**PROBLEM DETAILS:** Starting with the line that holds "Motorista estava com", reproduce each line through the last one of the data, exactly as written. Pictures are not copied.

**GIVEN MATERIAL:**

* * * * *

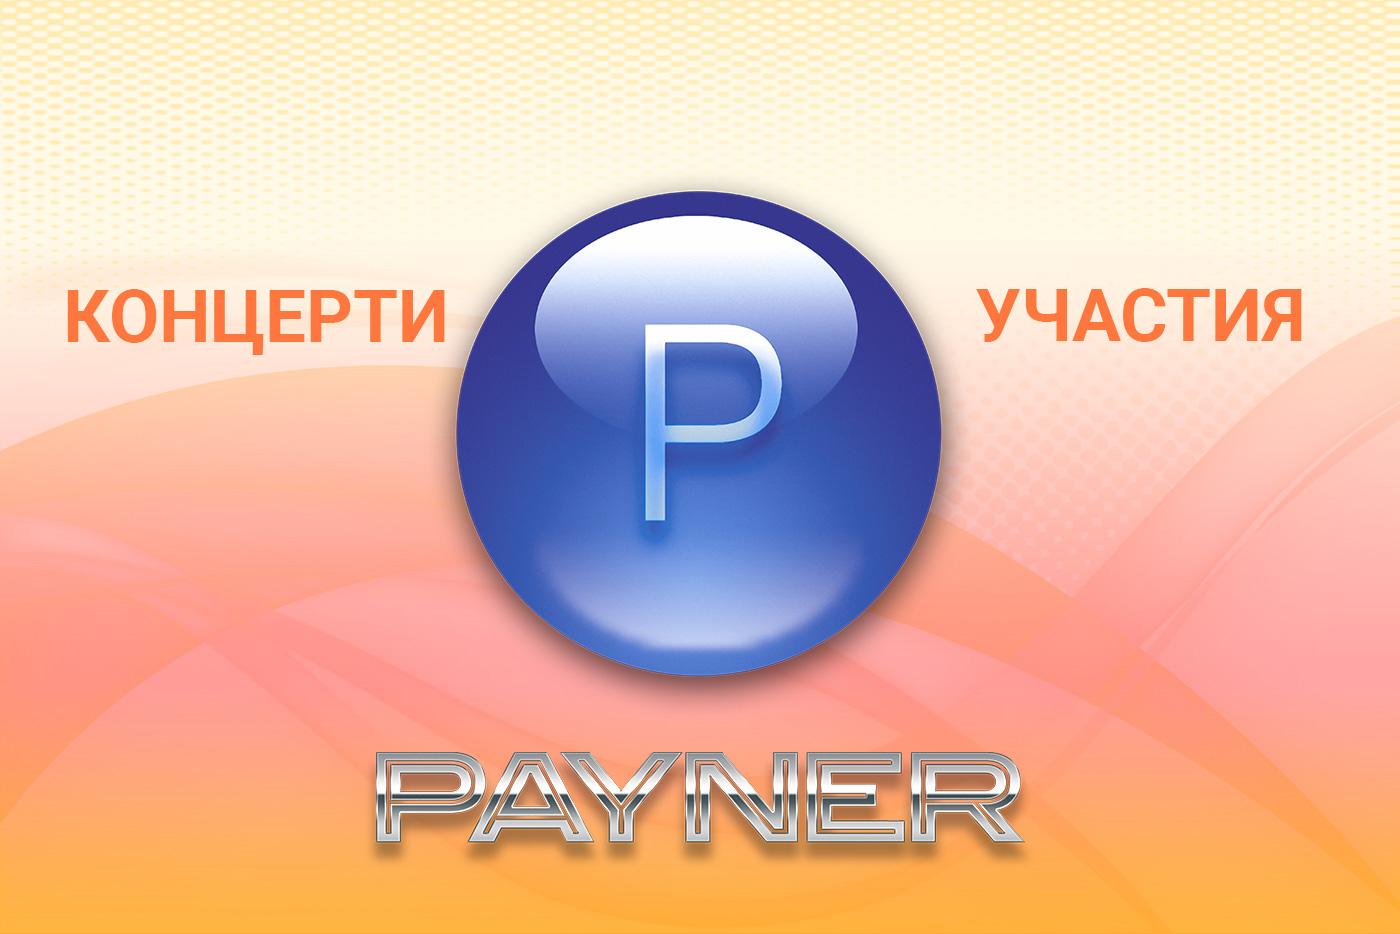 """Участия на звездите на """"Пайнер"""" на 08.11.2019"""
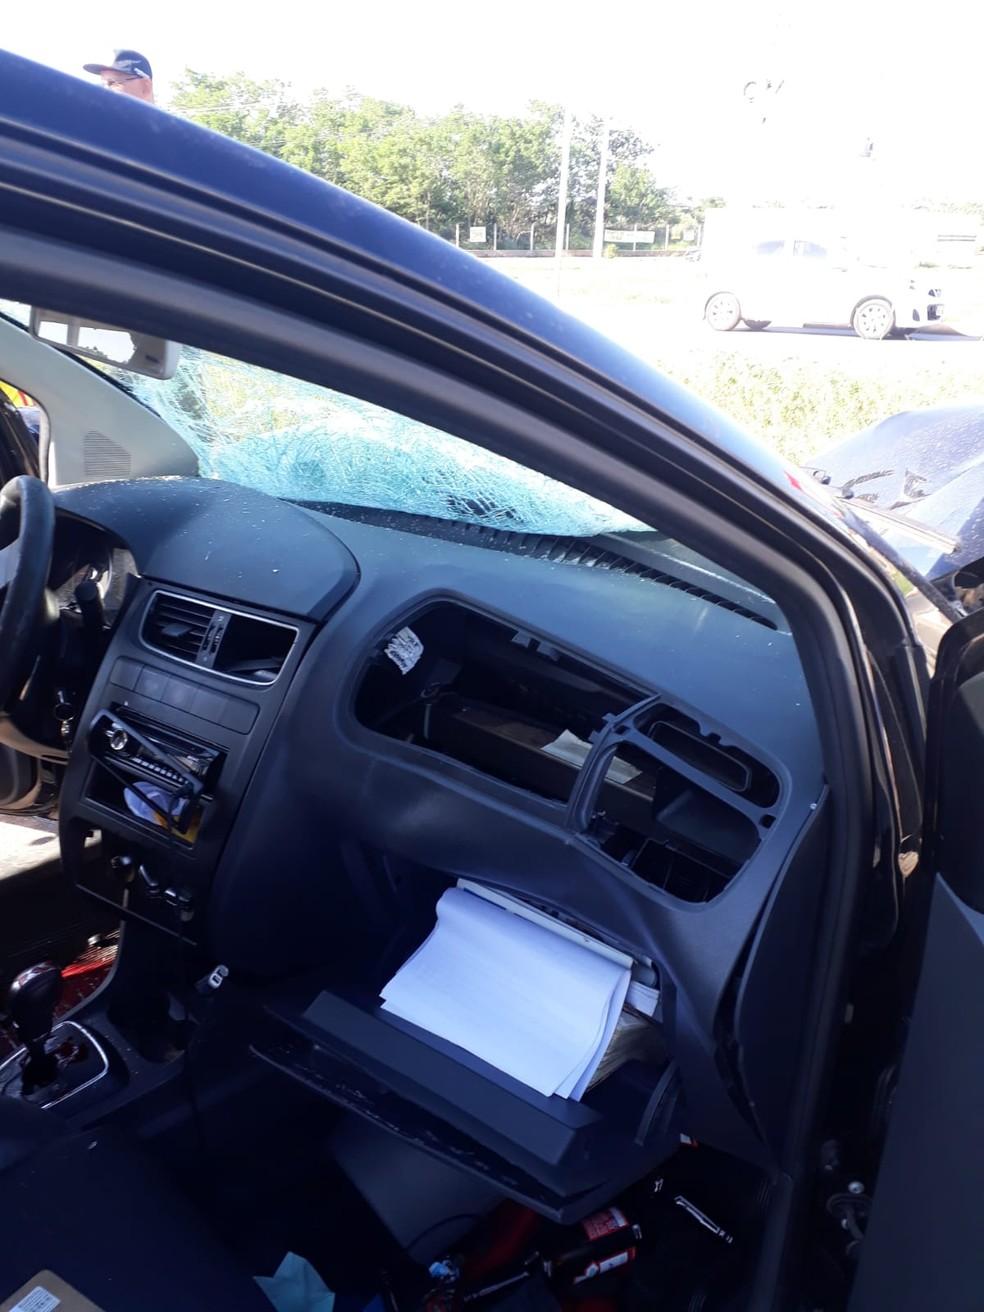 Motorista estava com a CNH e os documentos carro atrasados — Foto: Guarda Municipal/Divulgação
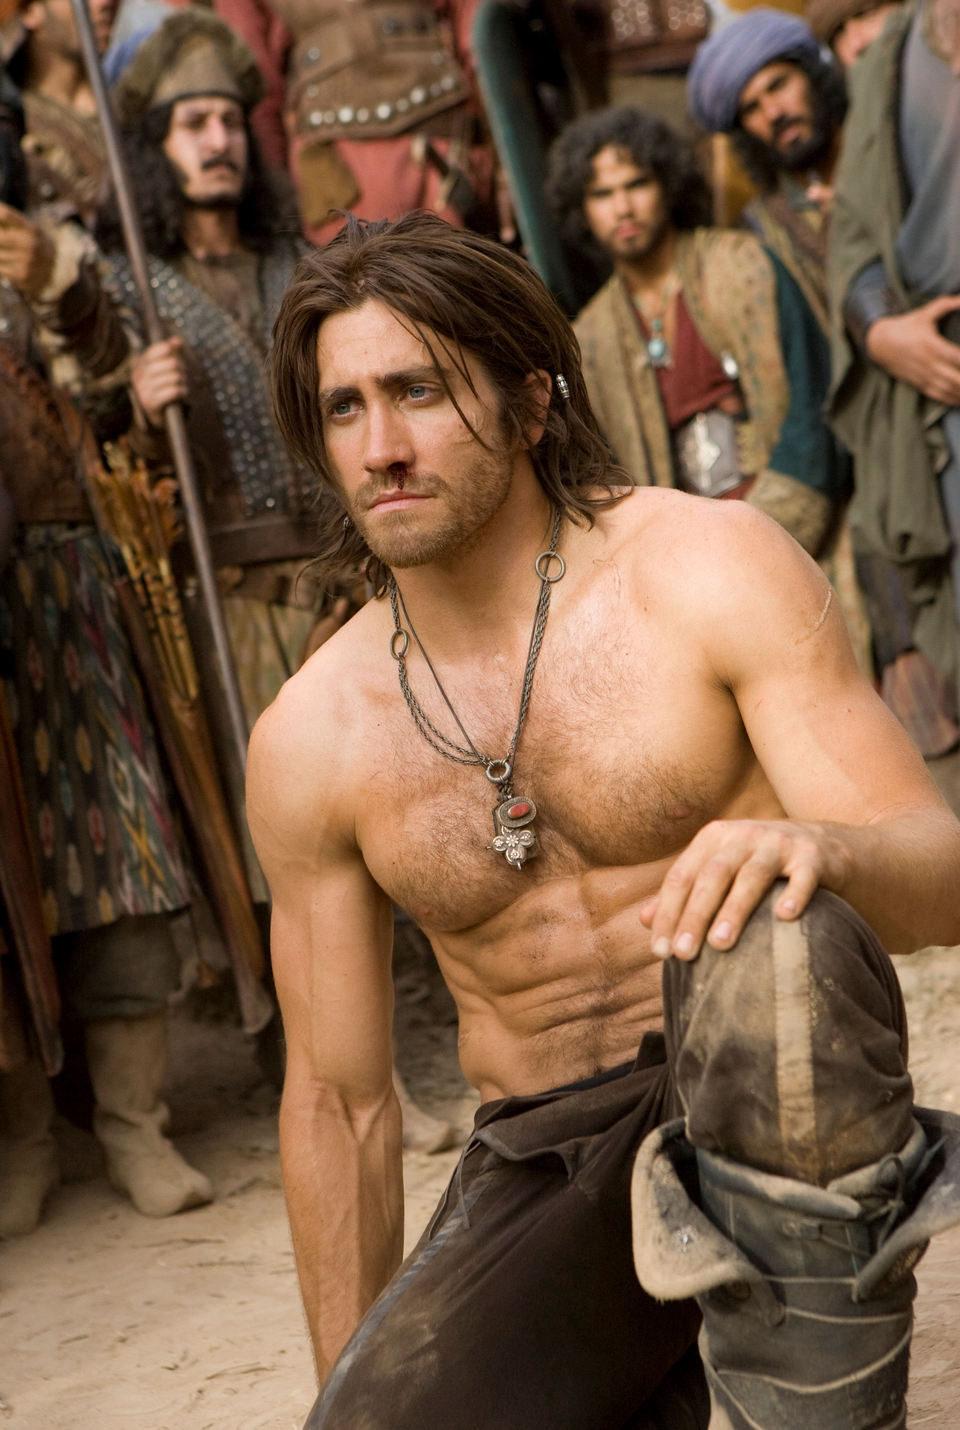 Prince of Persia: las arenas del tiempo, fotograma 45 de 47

* * * * *

**ANSWER SECTION:**
 Motorista estava com a CNH e os documentos carro atrasados — Foto: Guarda Municipal/Divulgação
 Prince of Persia: las arenas del tiempo, fotograma 45 de 47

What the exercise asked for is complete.